**Exercise directions**
Provide an exact copy of the lines from the beginning of the records through the line that includes "EUMUCO 2,200-TON COUNTER", and of no others.

:: Material for the task ::

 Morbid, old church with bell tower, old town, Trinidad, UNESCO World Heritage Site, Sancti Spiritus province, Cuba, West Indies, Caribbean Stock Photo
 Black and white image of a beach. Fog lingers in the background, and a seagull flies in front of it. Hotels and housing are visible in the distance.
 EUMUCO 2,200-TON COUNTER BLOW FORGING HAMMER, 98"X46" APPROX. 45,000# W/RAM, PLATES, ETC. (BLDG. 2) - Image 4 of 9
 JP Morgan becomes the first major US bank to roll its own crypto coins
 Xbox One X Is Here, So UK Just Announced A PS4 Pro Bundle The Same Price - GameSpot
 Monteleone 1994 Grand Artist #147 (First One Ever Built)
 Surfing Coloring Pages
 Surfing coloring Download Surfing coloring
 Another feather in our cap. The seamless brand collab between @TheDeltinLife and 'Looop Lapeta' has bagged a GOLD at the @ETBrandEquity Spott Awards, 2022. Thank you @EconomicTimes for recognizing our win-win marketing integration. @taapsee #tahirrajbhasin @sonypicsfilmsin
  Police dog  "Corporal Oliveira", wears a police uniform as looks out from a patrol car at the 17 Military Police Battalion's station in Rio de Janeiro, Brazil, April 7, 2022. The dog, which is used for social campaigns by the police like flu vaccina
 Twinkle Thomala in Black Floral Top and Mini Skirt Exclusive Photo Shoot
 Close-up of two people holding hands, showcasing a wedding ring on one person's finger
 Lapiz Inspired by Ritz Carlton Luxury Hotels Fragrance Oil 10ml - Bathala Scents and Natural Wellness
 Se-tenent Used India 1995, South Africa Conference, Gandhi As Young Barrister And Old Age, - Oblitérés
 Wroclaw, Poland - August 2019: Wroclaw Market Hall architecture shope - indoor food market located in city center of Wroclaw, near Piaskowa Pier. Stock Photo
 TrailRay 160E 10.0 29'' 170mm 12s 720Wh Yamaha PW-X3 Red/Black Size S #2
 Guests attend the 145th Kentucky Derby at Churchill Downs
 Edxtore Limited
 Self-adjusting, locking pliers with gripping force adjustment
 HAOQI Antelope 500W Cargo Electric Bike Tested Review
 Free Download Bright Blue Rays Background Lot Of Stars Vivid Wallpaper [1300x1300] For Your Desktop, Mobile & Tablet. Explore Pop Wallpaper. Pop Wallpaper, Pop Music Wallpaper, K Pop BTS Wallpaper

:::

**Your response**
 Morbid, old church with bell tower, old town, Trinidad, UNESCO World Heritage Site, Sancti Spiritus province, Cuba, West Indies, Caribbean Stock Photo
 Black and white image of a beach. Fog lingers in the background, and a seagull flies in front of it. Hotels and housing are visible in the distance.
 EUMUCO 2,200-TON COUNTER BLOW FORGING HAMMER, 98"X46" APPROX. 45,000# W/RAM, PLATES, ETC. (BLDG. 2) - Image 4 of 9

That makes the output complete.